Saturday, August 29, 2009

On The Journey Toward Claiming my Vocation

This past Christmas Eve was such a blessed experience for me. I have created a custom of cooking a traditional Italian fish dinner and sharing it with the L'Arche home to which I'm connected. I love fussing over the shopping and preparation of the meal, the table settings and ambiance. It is a celebration of some of the best things that I have inherited - love of good food and family, hospitality, doing for others, faith. After dinner, I went to the children's mass at Our Lady of Lourdes. As the rows of pageant angels walked up the aisle, I was aware of the love of family and friends, certainty about who I am and am called to be, and God's love for her people in all our beauty and goofiness.

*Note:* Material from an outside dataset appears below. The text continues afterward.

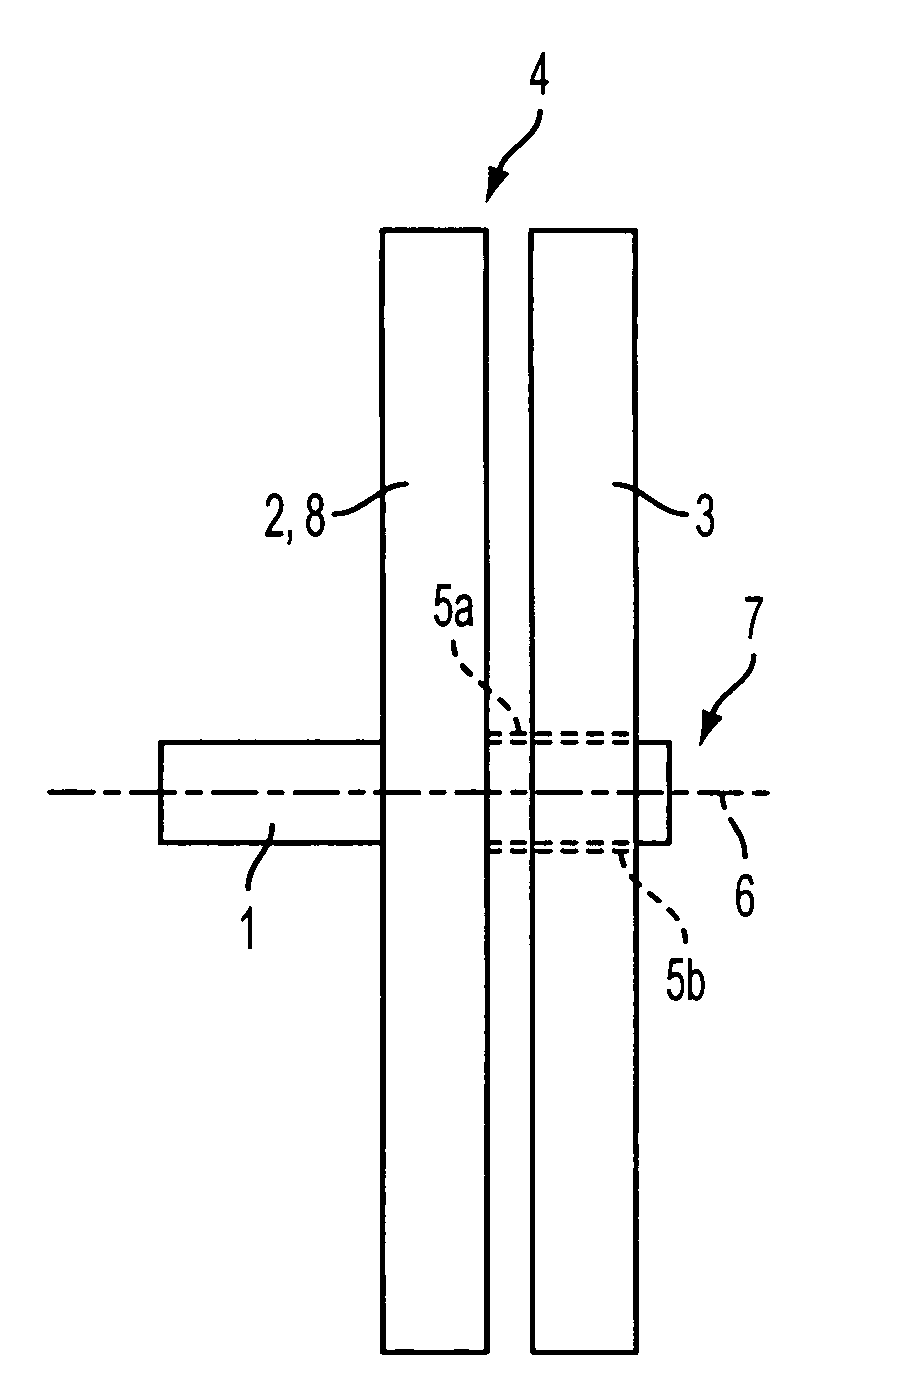 Systems and methods for controlled shutdown and direct start for internal combustion engine

If my plans as a young person had come to pass, my life would have been wasted. I longed to be the person I thought I must be in order to be loved. I felt that I ought to be emotionally strong, deeply serious about building the Kingdom, a man of prayer... It almost killed me.
I still struggle to live the life of a committed Christian. I am grateful that there are strong, committed individuals out there. We need them. But I too am needed. I am sometimes strong, sometimes messy. I do care about people and community, even if I am often lazy and self-centred. I can pray with depth of gratitude and then forget God for days on end. Through it all, God seems to love me as I am - sometimes that nourishes growth! Thank God.